Beginning with the line that contains "In this work", reproduce the remaining lines of the material exactly, up to and including the last one, but no pictures.

Data extract
□ □ □

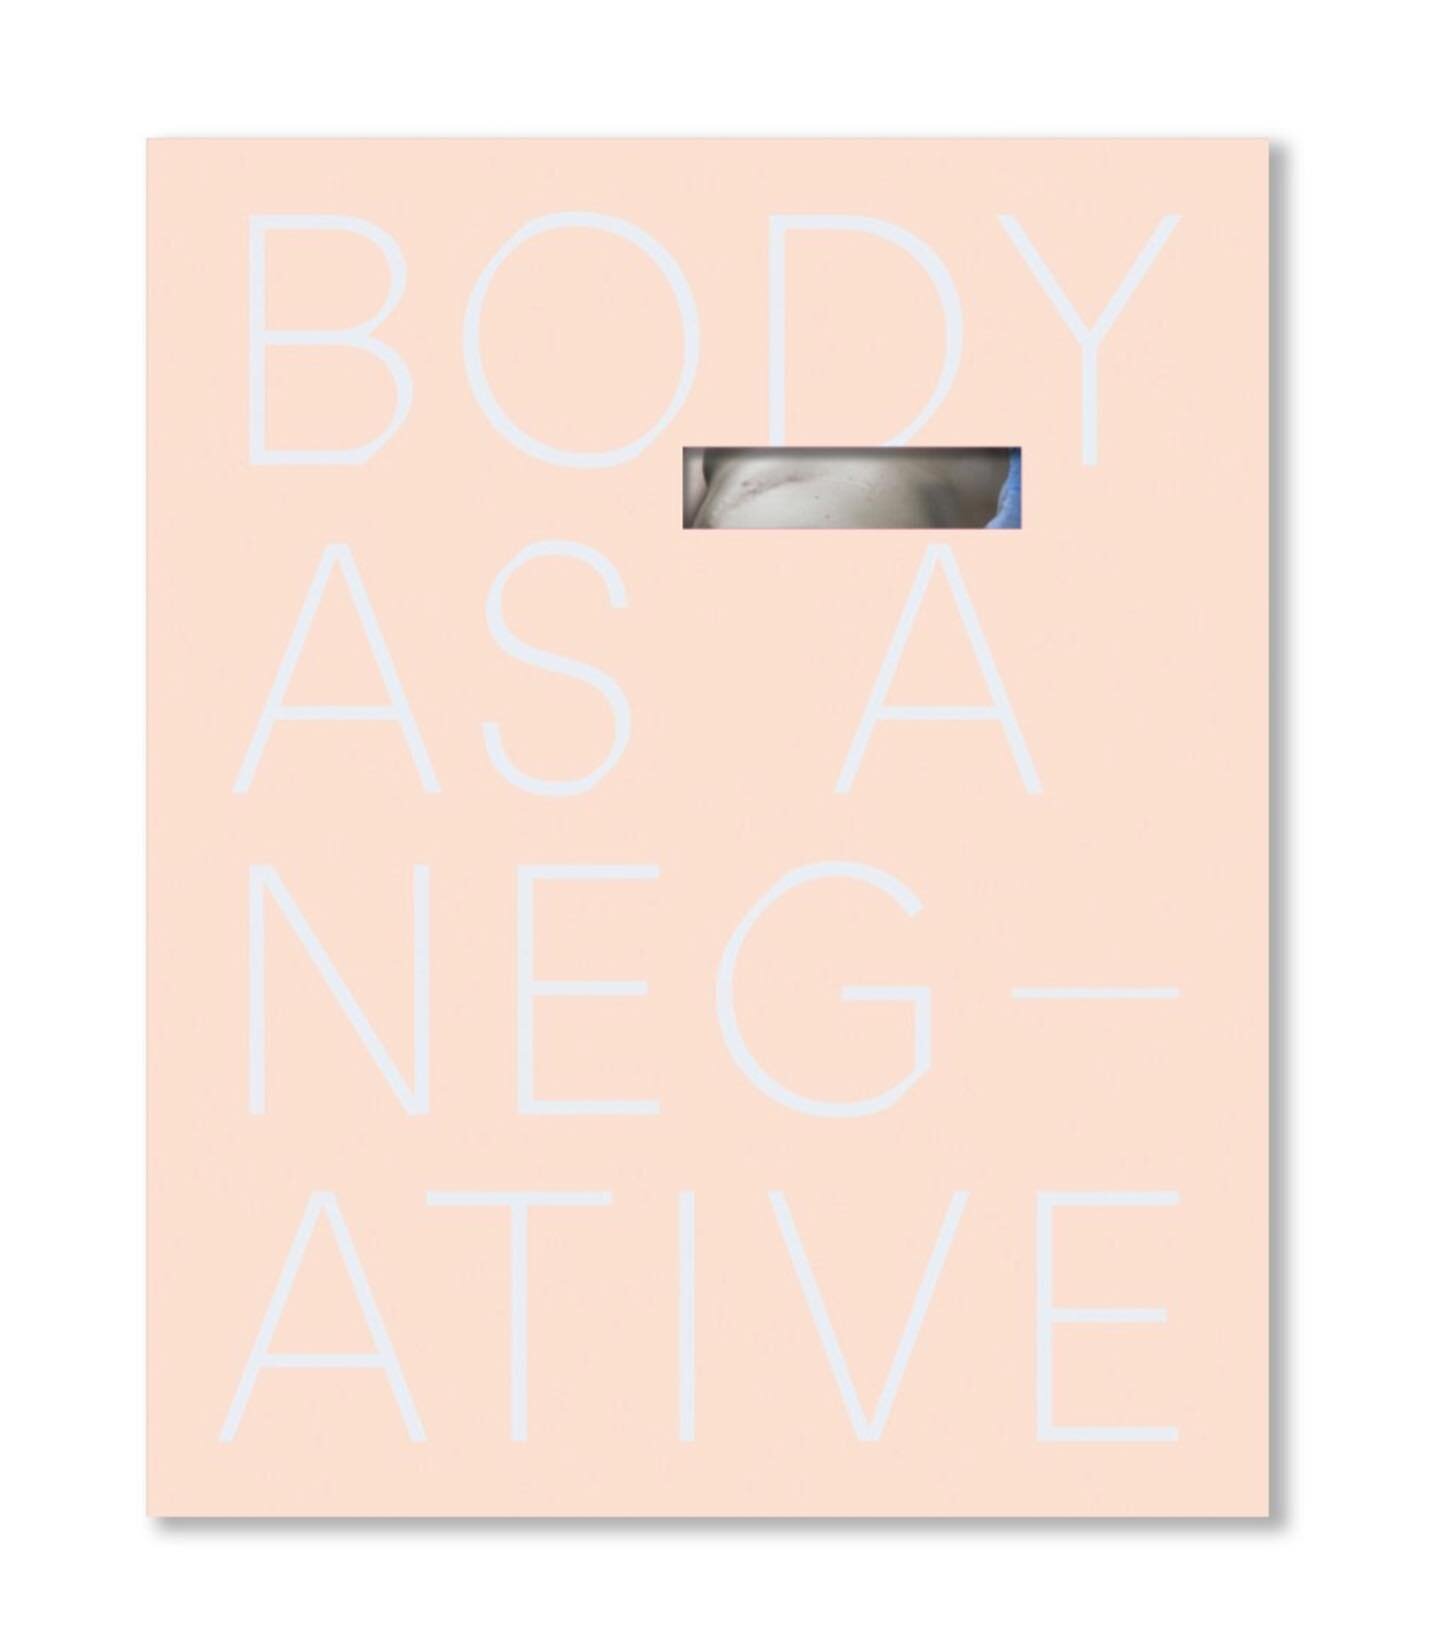 Just released: Body As a Negative by Izabela Jurcewicz

In this work Izabela Jurcewicz deals with traumatic memories written in the body on a cellular level. She was an inter-organ tumor patient, one of 300 cases worldwide, where science had few answ
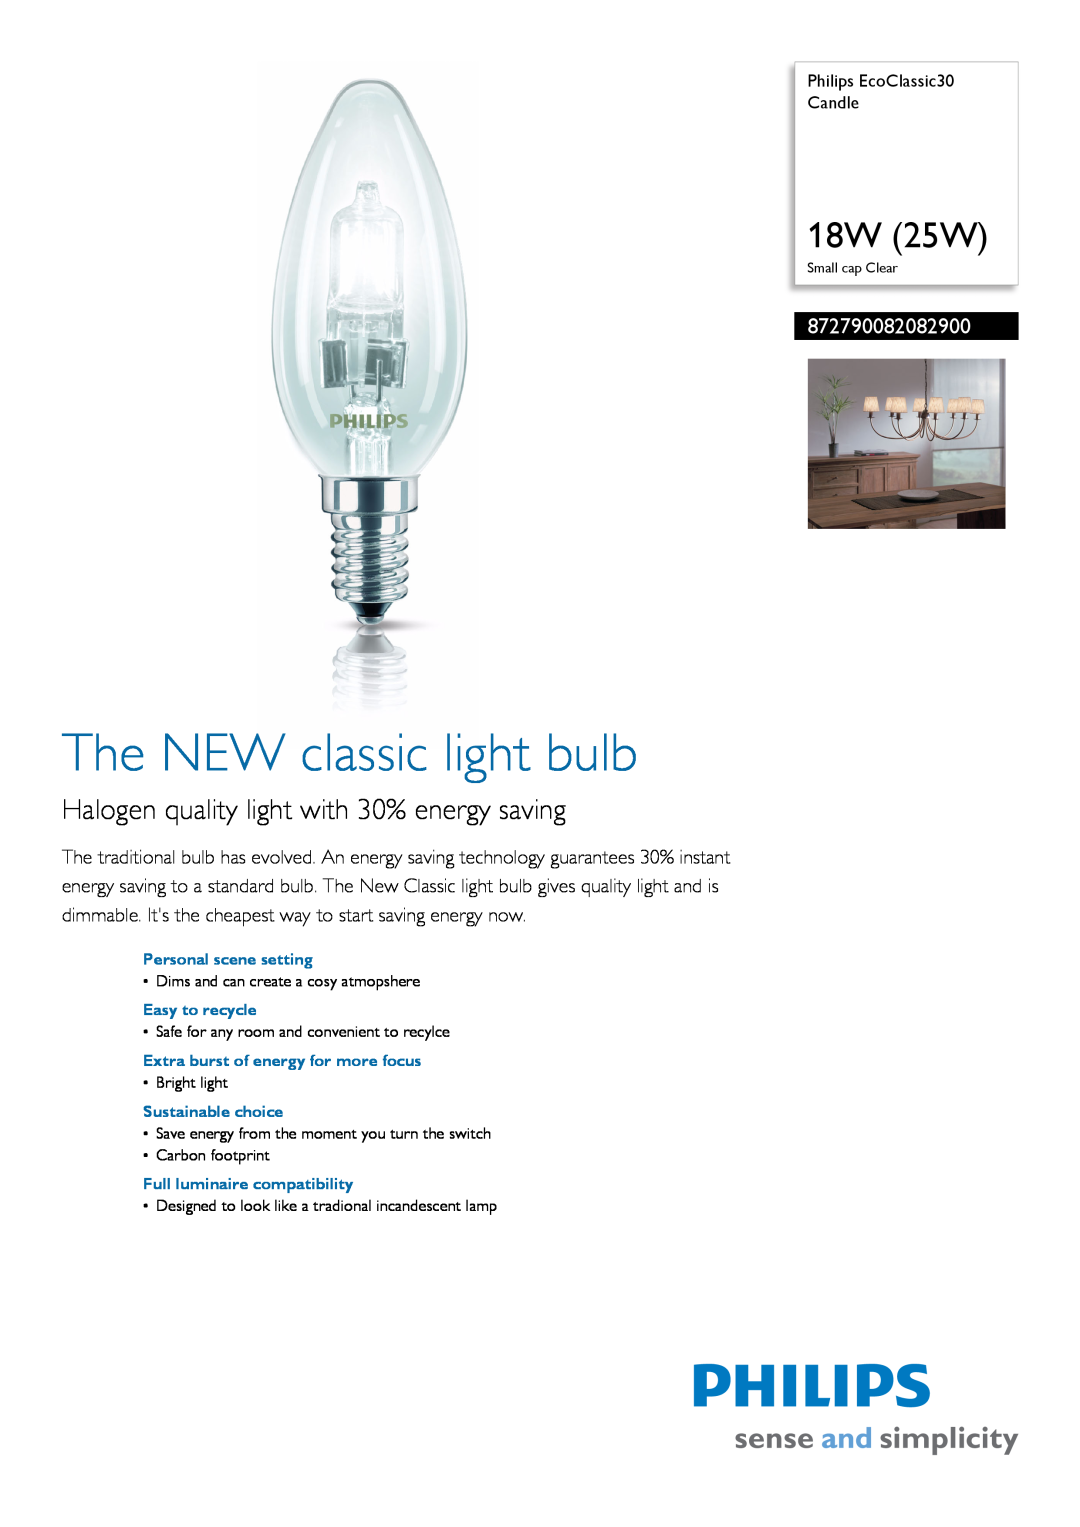 Philips 8.73E+14 manual 872790082082900, The NEW classic light bulb, 18W 25W, Halogen quality light with 30% energy saving

□ □ □

Response to this exercise
In this work Izabela Jurcewicz deals with traumatic memories written in the body on a cellular level. She was an inter-organ tumor patient, one of 300 cases worldwide, where science had few answ
 Philips 8.73E+14 manual 872790082082900, The NEW classic light bulb, 18W 25W, Halogen quality light with 30% energy saving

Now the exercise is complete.